» **INSTRUCTIONS TO FOLLOW**
Print the lines of the data, starting with the first, up to and including the line where "The Home Wreath and Other Poems" appears.

* * * * * * *

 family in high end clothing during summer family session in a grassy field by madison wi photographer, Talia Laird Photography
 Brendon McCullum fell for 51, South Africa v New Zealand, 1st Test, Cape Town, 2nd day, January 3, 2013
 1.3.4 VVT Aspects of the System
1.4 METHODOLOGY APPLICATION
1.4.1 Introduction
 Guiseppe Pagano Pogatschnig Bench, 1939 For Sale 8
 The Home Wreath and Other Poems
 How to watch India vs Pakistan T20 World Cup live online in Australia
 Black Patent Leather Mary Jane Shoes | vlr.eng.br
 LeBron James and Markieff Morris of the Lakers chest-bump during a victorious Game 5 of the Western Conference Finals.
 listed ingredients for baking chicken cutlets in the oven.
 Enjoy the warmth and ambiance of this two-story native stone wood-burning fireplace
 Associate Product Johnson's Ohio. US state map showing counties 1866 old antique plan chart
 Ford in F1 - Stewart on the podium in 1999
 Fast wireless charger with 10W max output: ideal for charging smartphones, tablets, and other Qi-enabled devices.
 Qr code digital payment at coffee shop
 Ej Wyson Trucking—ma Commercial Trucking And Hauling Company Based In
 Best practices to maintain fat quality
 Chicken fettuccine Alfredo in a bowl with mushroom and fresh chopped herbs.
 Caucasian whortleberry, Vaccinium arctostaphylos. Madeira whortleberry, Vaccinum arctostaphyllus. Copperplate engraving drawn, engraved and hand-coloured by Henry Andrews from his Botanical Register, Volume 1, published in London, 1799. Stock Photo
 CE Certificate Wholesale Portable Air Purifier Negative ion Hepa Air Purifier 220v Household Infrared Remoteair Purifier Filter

* * * * * * *

» **EXPECTED ANSWER**
 family in high end clothing during summer family session in a grassy field by madison wi photographer, Talia Laird Photography
 Brendon McCullum fell for 51, South Africa v New Zealand, 1st Test, Cape Town, 2nd day, January 3, 2013
 1.3.4 VVT Aspects of the System
1.4 METHODOLOGY APPLICATION
1.4.1 Introduction
 Guiseppe Pagano Pogatschnig Bench, 1939 For Sale 8
 The Home Wreath and Other Poems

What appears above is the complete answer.